:: Action item ::
Repeat exactly, and only, the lines below starting at the line that contains "Black And Green Backgrounds" and ending at the line that contains "Japanese women wearing", inclusive of both.

━━━━━━━━━━

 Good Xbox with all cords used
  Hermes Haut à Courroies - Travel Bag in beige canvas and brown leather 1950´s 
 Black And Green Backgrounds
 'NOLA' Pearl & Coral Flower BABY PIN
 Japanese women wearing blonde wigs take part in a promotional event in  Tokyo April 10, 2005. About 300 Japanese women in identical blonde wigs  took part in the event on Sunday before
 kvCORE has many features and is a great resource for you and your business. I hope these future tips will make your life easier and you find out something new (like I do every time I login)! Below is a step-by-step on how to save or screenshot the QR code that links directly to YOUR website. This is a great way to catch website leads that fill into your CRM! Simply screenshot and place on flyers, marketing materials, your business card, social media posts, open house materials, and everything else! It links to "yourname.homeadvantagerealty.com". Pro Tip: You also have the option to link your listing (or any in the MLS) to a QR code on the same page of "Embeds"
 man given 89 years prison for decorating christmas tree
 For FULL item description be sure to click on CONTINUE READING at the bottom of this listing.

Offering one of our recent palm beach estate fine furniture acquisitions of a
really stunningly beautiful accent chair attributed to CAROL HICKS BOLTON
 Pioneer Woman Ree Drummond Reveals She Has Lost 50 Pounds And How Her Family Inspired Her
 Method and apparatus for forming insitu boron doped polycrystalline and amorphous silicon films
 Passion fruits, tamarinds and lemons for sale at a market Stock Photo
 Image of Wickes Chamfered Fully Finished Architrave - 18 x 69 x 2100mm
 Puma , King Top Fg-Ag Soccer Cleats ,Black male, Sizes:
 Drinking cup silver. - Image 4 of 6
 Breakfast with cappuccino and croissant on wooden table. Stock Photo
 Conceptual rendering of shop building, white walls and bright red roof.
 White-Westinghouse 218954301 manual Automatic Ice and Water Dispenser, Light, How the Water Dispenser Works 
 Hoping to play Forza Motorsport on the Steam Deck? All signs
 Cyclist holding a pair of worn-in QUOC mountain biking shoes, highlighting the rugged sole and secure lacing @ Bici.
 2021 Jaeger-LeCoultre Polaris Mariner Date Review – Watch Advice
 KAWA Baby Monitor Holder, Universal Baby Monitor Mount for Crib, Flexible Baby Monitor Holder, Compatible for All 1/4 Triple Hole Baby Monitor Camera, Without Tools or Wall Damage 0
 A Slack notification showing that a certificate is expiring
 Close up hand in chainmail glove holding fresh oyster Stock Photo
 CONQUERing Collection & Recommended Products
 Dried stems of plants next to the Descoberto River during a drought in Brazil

━━━━━━━━━━

:: Response for this exercise ::
 Black And Green Backgrounds
 'NOLA' Pearl & Coral Flower BABY PIN
 Japanese women wearing blonde wigs take part in a promotional event in  Tokyo April 10, 2005. About 300 Japanese women in identical blonde wigs  took part in the event on Sunday before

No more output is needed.